Le macerie invisibili del tessuto economico e ricettivo
All'emergenza strutturale si sovrappone un collasso economico che rischia di desertificare l'intera fascia flegrea. Le rilevazioni di Federalberghi tratteggiano un paesaggio desolante: gli hotel del centro storico registrano un crollo delle presenze che sfiora il 70%, mentre le disdette a catena hanno svuotato quasi del tutto il mese di agosto. Tra le pochissime voci in controtendenza resiste chi lavora esclusivamente con flussi stranieri diretti verso le isole, ma l'allarme degli operatori è corale: la scossa ha fatto da detonatore a una storica carenza di programmazione e promozione territoriale.
L'impatto più devastante si scarica sul sottobosco della ricettività non imprenditoriale, composta da centinaia di piccoli gestori di B&B e case vacanza. Trattandosi di un comparto spesso escluso dalle grandi forme di ammortizzatore sociale riservate alle grandi aziende, le associazioni di categoria come l'Abbac hanno dovuto attivare presidi legali e sportelli straordinari d'assistenza. Dietro ogni porta chiusa non c'è solo un immobile inagibile, ma il patrimonio finanziario di intere famiglie che hanno investito i propri risparmi in un'economia dell'accoglienza improvvisamente azzerata. Dalla governance regionale arrivano rassicurazioni, ma la richiesta dei sindaci al Governo centrale resta quella di un intervento immediato sulla sospensione dei tributi statali per evitare il definitivo fallimento del tessuto commerciale locale.
La corsa contro il tempo tra scuole, luoghi di culto e snodi logistici
Mentre la conta degli sfollati ha superato la soglia critica delle tremila persone, distribuite tra sistemazioni autonome, alberghi convenzionati e strutture di prima accoglienza, la macchina dei soccorsi continua a lavorare a ritmi serrati. I Vigili del Fuoco mantengono sul campo un dispositivo di oltre trenta squadre specializzate, impiegate nell'esecuzione delle verifiche speditive e nel recupero dei beni materiali dalle abitazioni evacuate. Ma la vera corsa contro il tempo si consuma all'interno degli edifici pubblici e delle infrastrutture vitali.

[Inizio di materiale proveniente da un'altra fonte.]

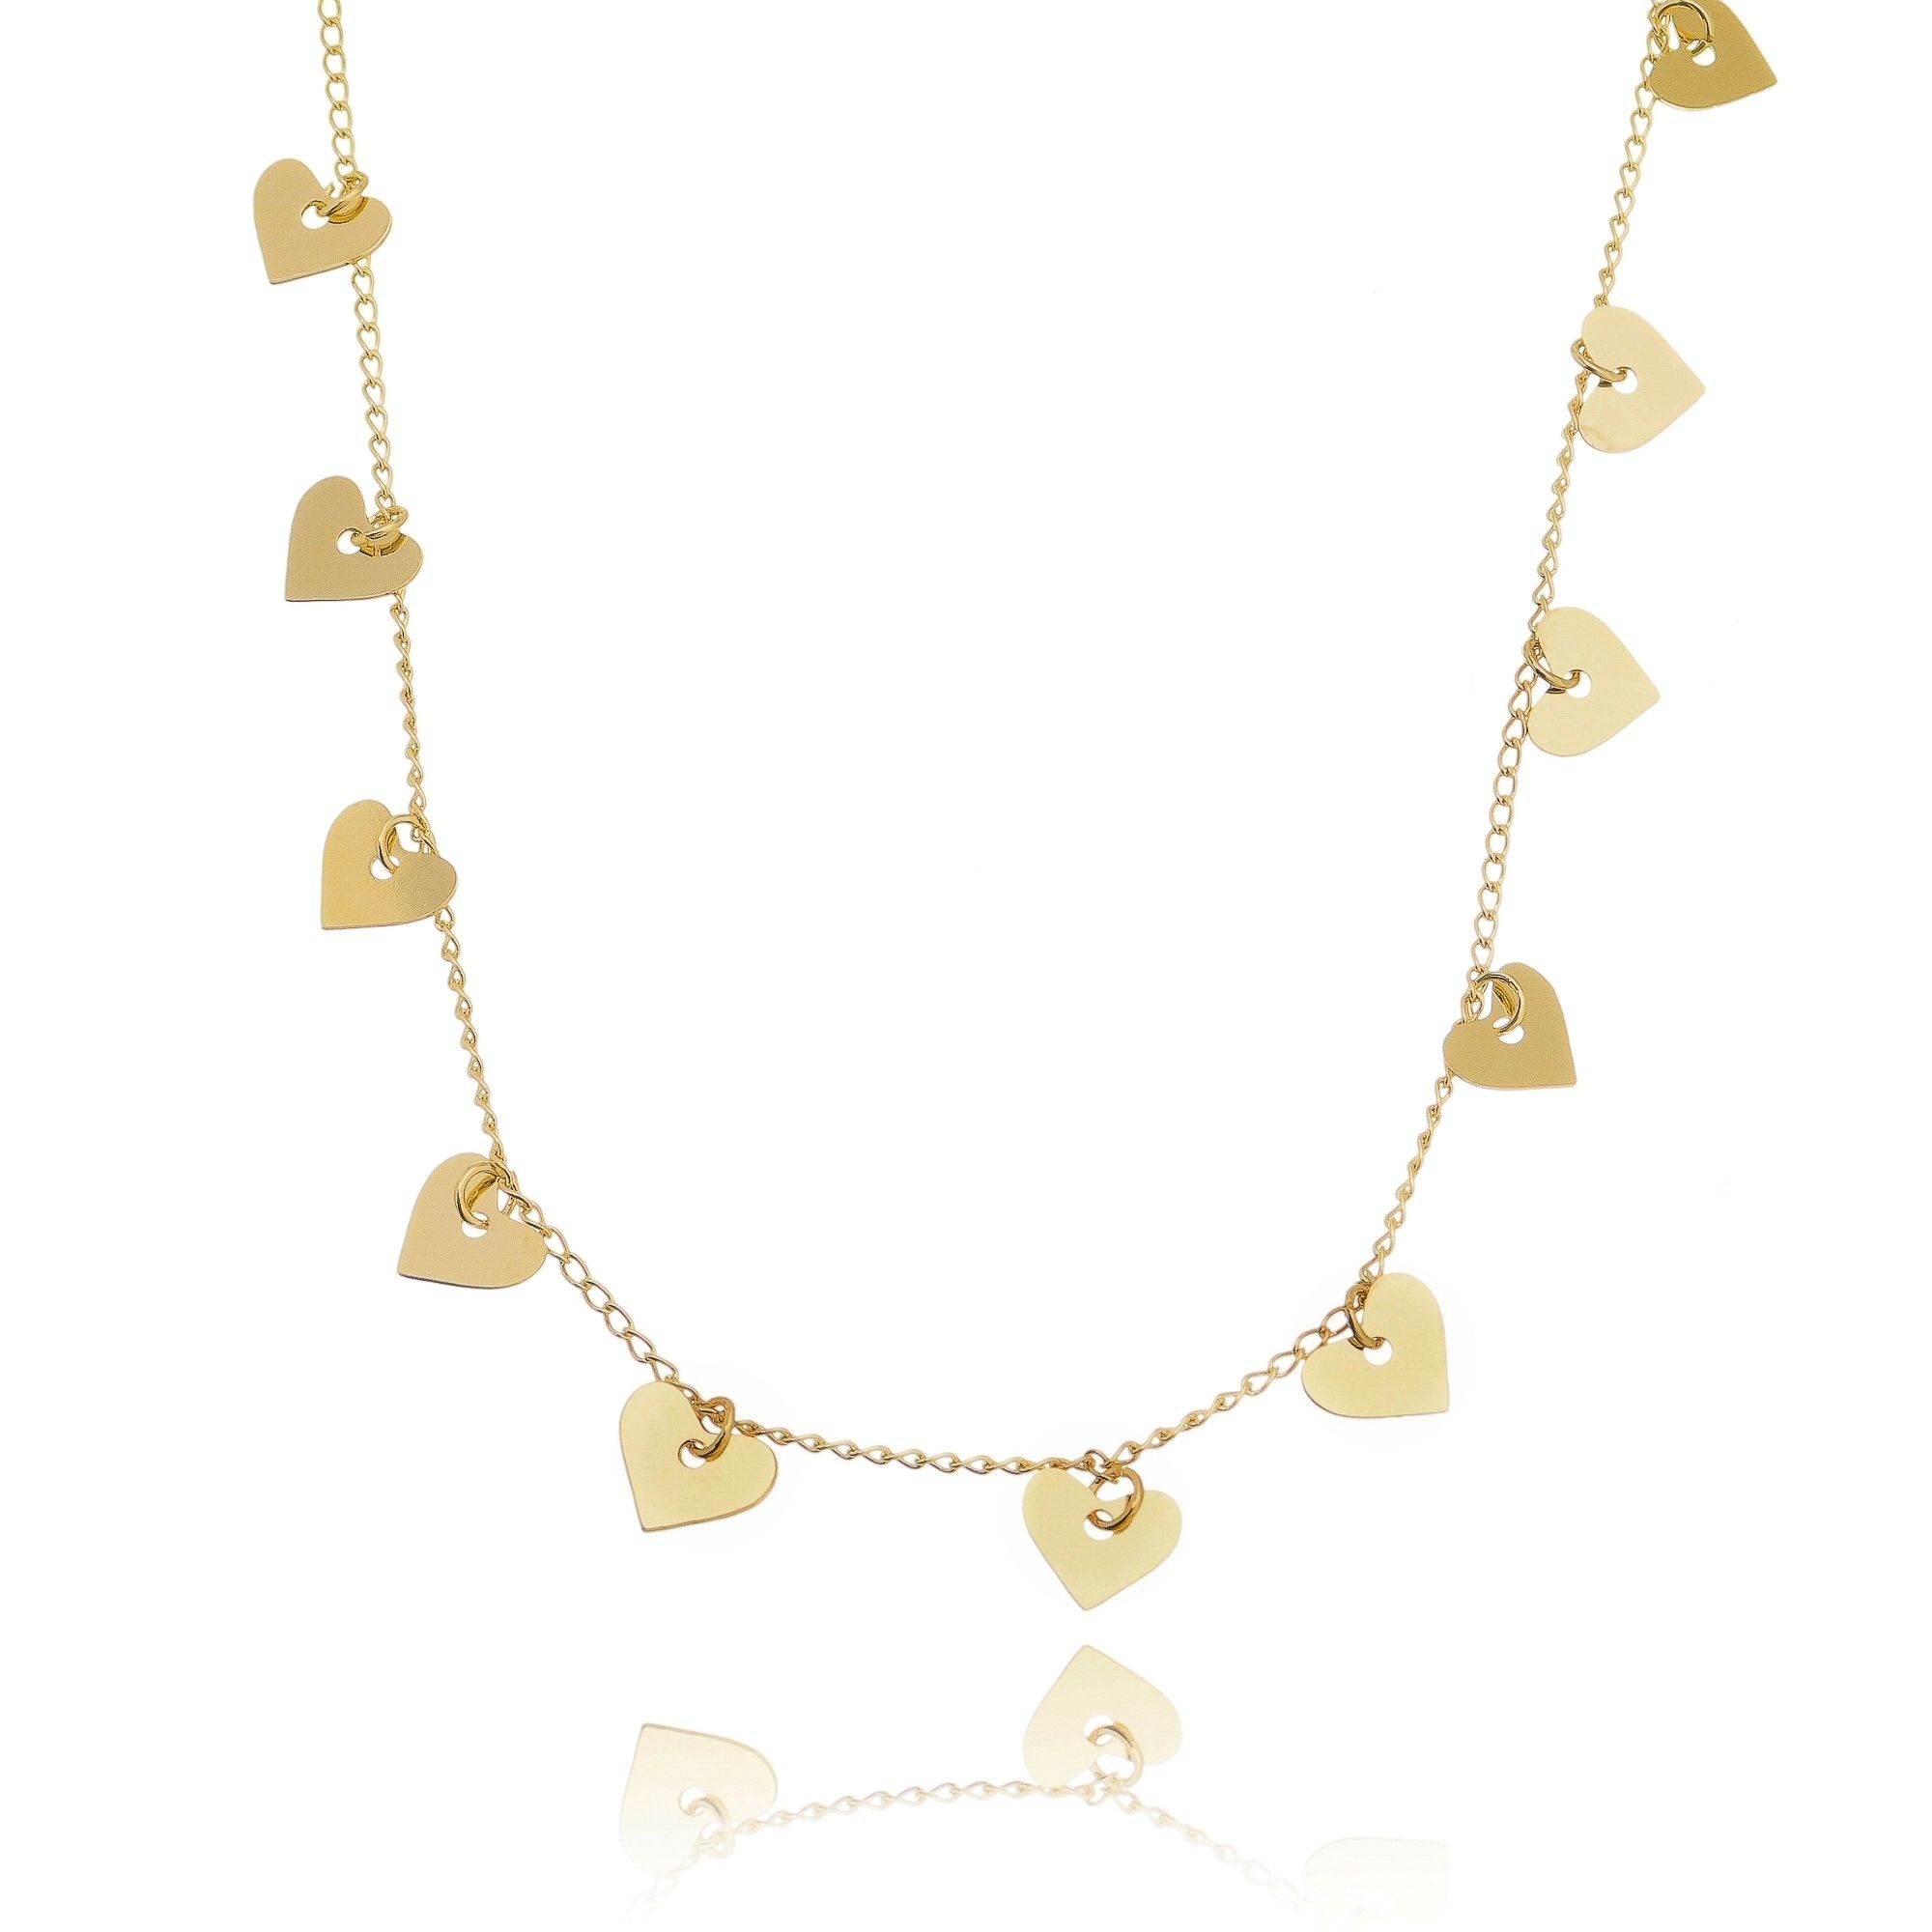 Colar Medalhas Coração Dourado Semijoia da Moda em Ouro 18K  - Soloyou

Sul fronte dell'istruzione, l'avvio del nuovo anno scolastico rappresenta un'incognita drammatica. I sopralluoghi tecnici hanno evidenziato criticità diffuse sia negli istituti di competenza della Città Metropolitana come il Tassinari, il Virgilio e il Pareto sia nelle scuole primarie e medie comunali. Per consentire la ripresa delle lezioni si profilano turni pomeridiani e rotazioni complesse, con interventi d'urgenza mirati alla sostituzione delle pareti tramezzate danneggiate con strutture in cartongesso.
Non meno complessa appare la situazione del patrimonio artistico e religioso: il campanile di Santa Maria delle Grazie, il Duomo del Rione Terra e numerose chiese storiche presentano lesioni profonde che richiedono imponenti interventi di messa in sicurezza ad opera della Soprintendenza.
A complicare il quadro si aggiunge il nodo della logistica portuale e degli approvvigionamenti idrici. Con le autobotti ancora impegnate a distribuire acqua non potabile in diverse zone della città, le autorità hanno dovuto disporre il divieto d'accesso al porto di Pozzuoli per i mezzi pesanti superiori alle 3,5 tonnellate diretti verso Ischia e Procida, dirottando il traffico commerciale sullo scalo napoletano di Porta di Massa.
Una decisione che ha sollevato forti perplessità tra gli autotrasportatori e gli amministratori isolani, preoccupati per la tenuta dei rifornimenti di beni di prima necessità nel momento di massimo affollamento turistico estivo. Pozzuoli si ritrova così a vivere il suo Ferragosto più lungo e difficile, in bilico tra la necessità di mettere in sicurezza il presente e la fatica di immaginare un futuro oltre la crisi.